Cleared gun and rotated disassembly lever to 6 o'clock. Slide moved 1/4 inch and locked up tight. Happened with both the oem RSA and the Wilson combat fluted replacement rod. Both beretta and Wilson said they had never heard of it. I used a long brass brazing rod to feel where the RSA was at the locking block. It was jammed tight against the blue buffer pad. Stuck between the locking block and blue buffer pad. Stuck hard enough to show marks on the buffer pad after I got it apart. On the few 92A1's I've heard about that this happens to do you think its a slight mis-shape were the RSA fits into the locking block. Or a too thick buffer pad. With the brazing rod I must have moved the RSA up enough to release the slide. What say you?


----------



## Shipwreck (Jan 26, 2006)

I just sent you a PM - check your inbox


----------



## Gwalker99 (Apr 27, 2015)

i have two 92's my A1 has not done that ... my 92F kinda did thay once then when I broke it in, it didnt do that anymore


----------



## BRunner235 (Mar 22, 2016)

Exact same thing happened to me.
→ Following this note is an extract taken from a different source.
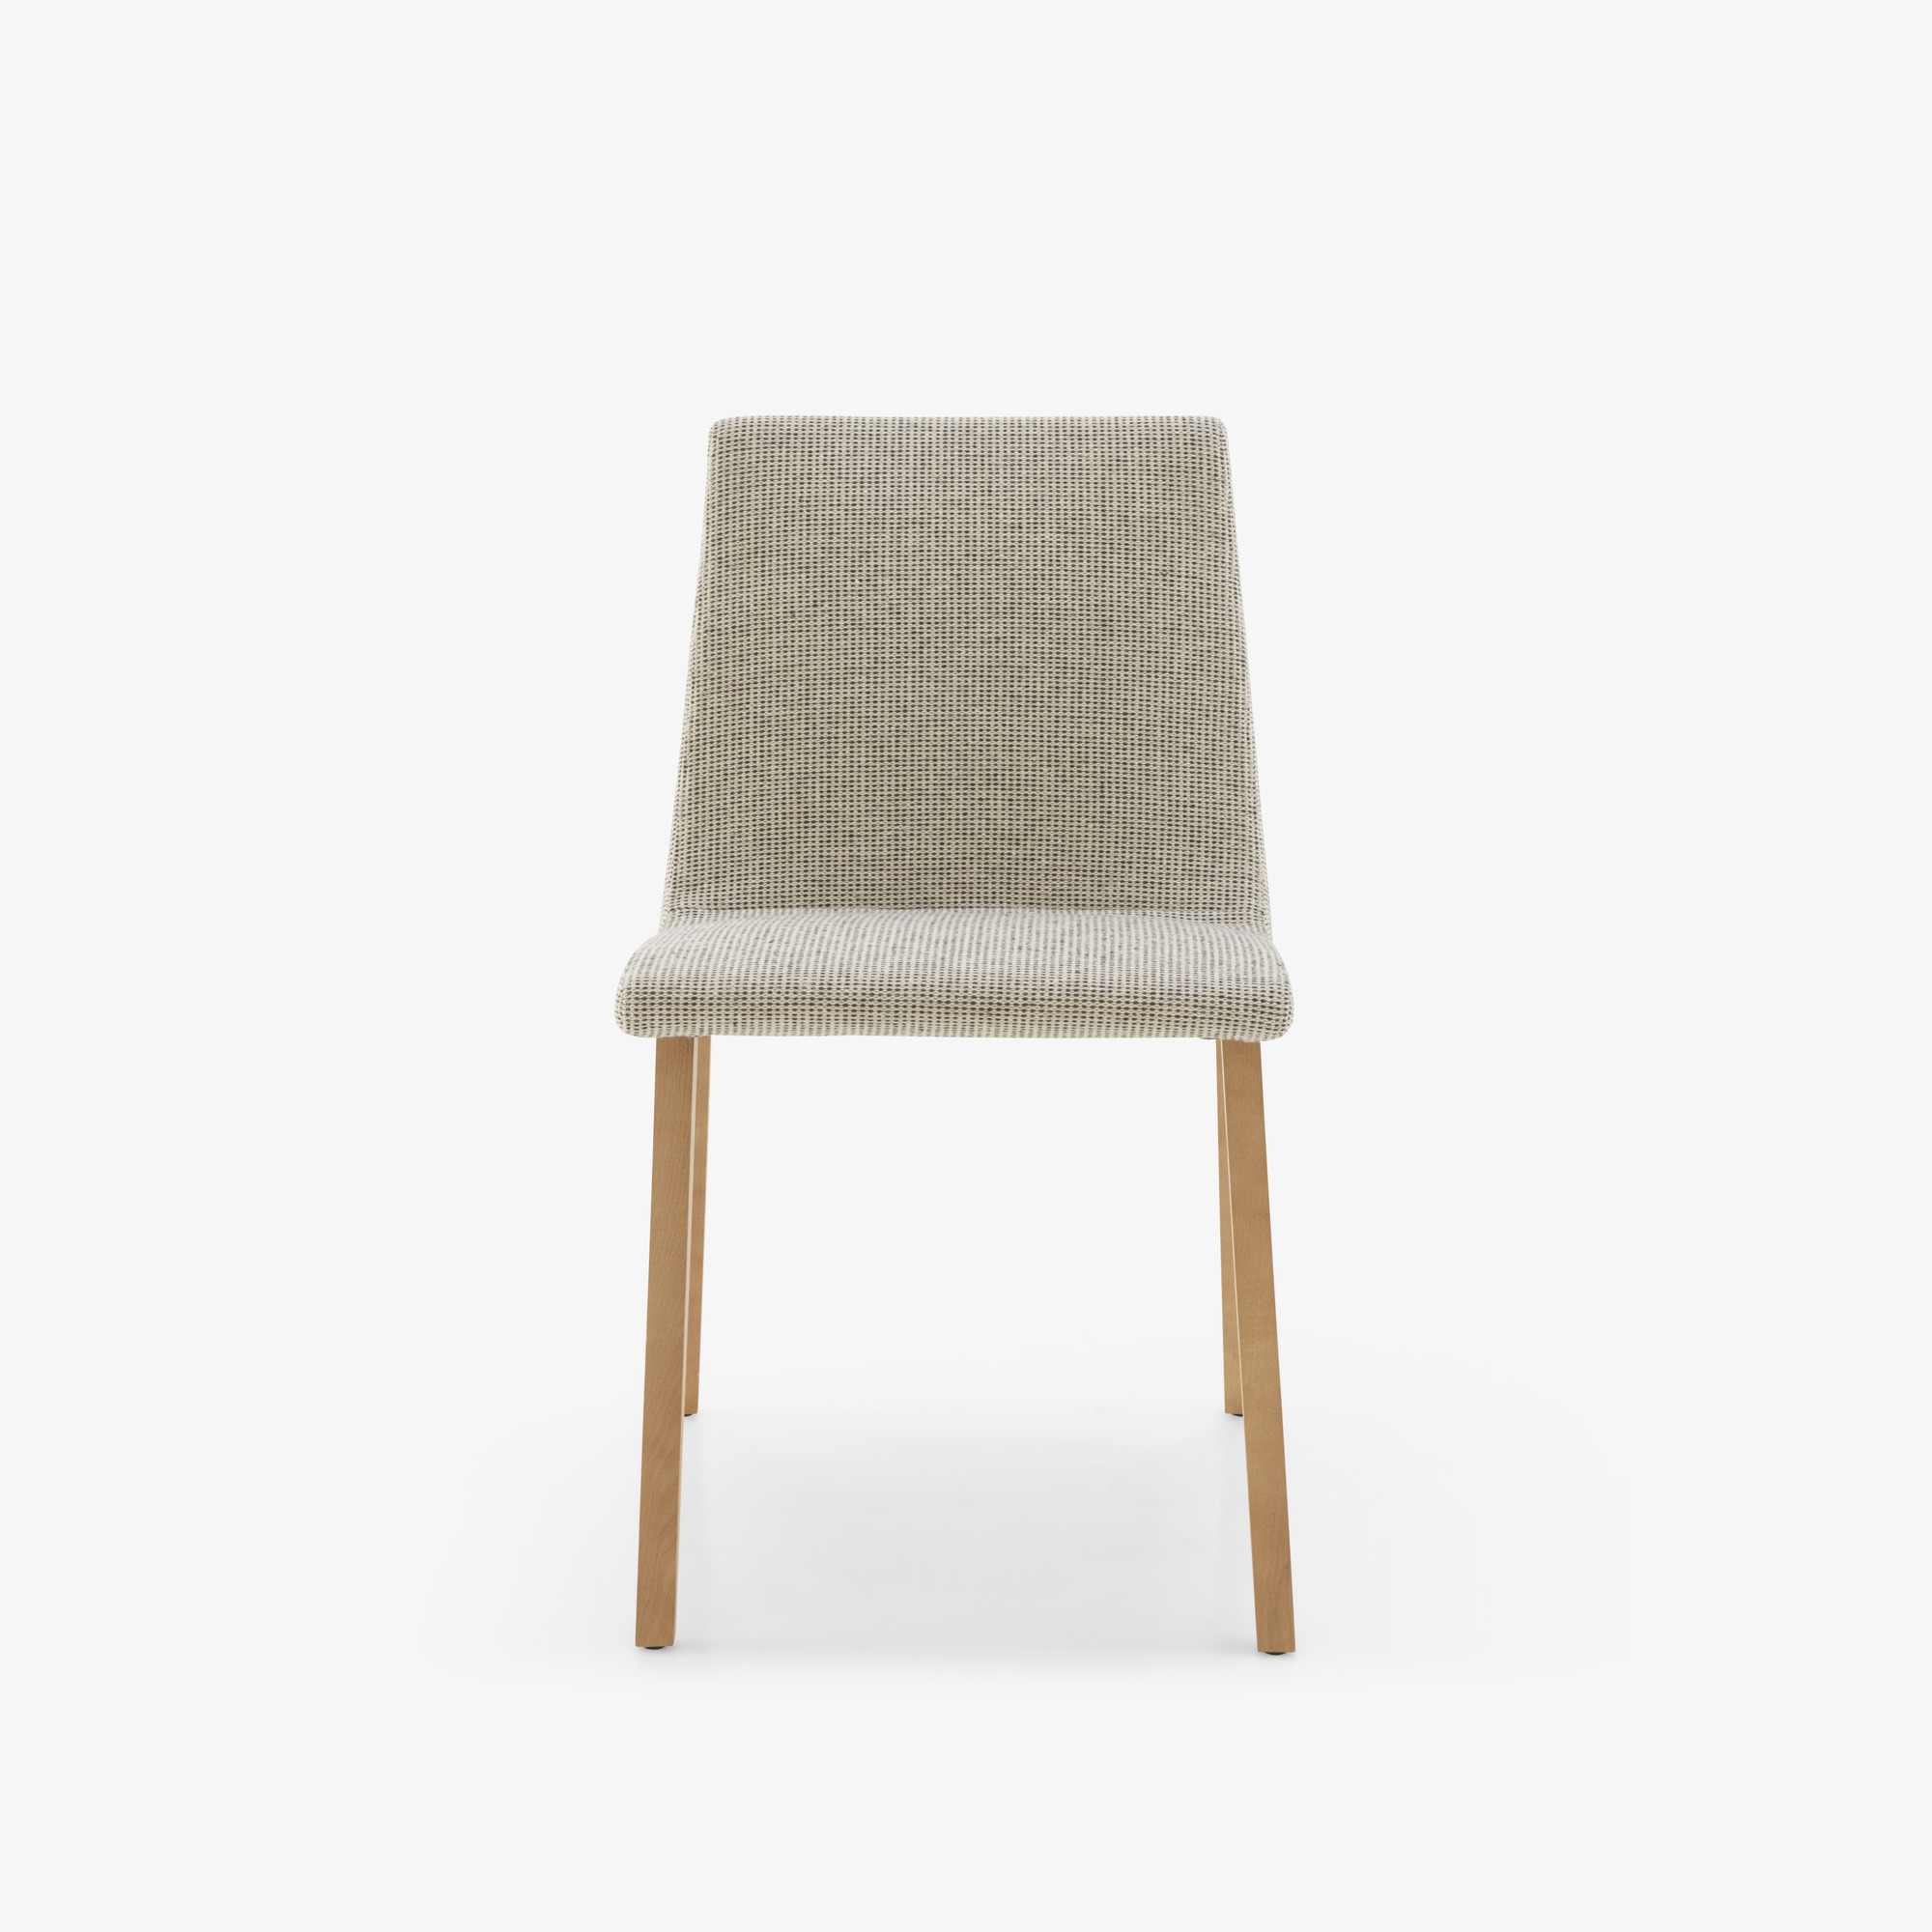 Image Chair wooden base 1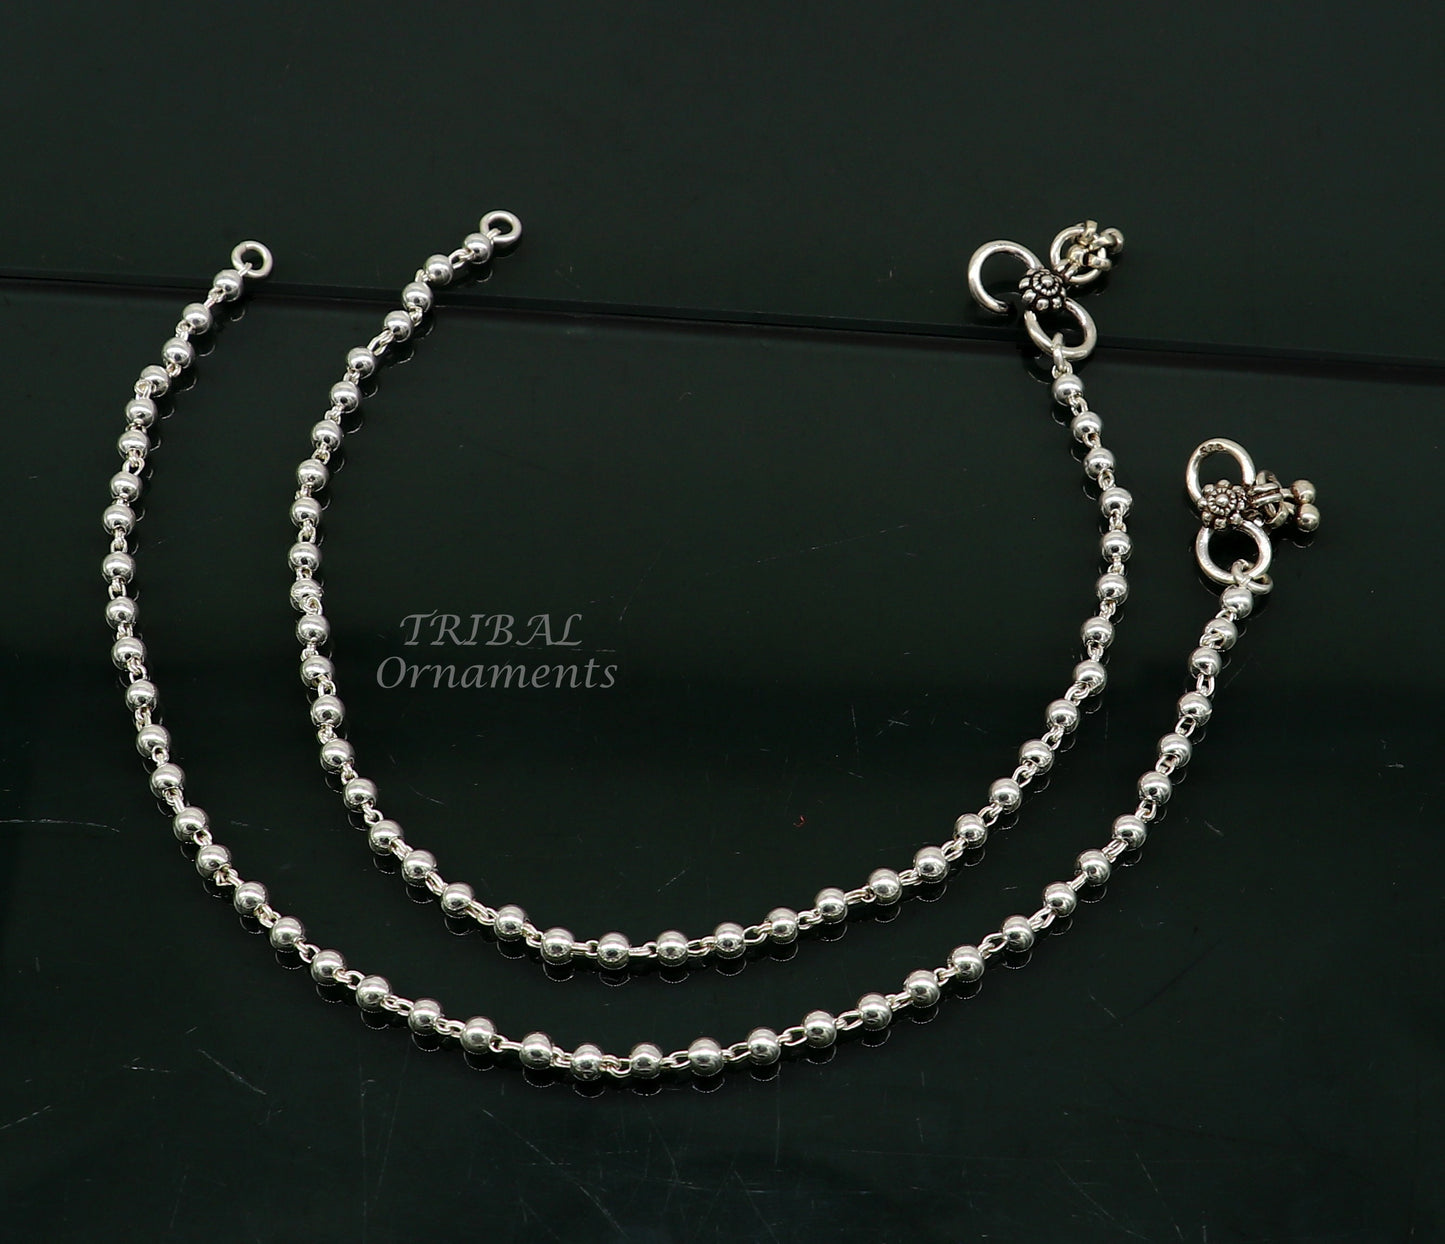 4mm 9"to 12" 925 sterling silver beaded/ball chain anklet bracelet amazing light weight delicate anklets belly dance silver jewelry ank538 - TRIBAL ORNAMENTS

Identical.
Is it just easier to remove the buffer pad altogether?


----------



## Shipwreck (Jan 26, 2006)

BRunner235 said:


> Exact same thing happened to me. Identical.
> Is it just easier to remove the buffer pad altogether?


No, I would not take it out.


----------



## berettatoter (Sep 1, 2011)

Have not ran across that yet with mine...hope I don't either.


----------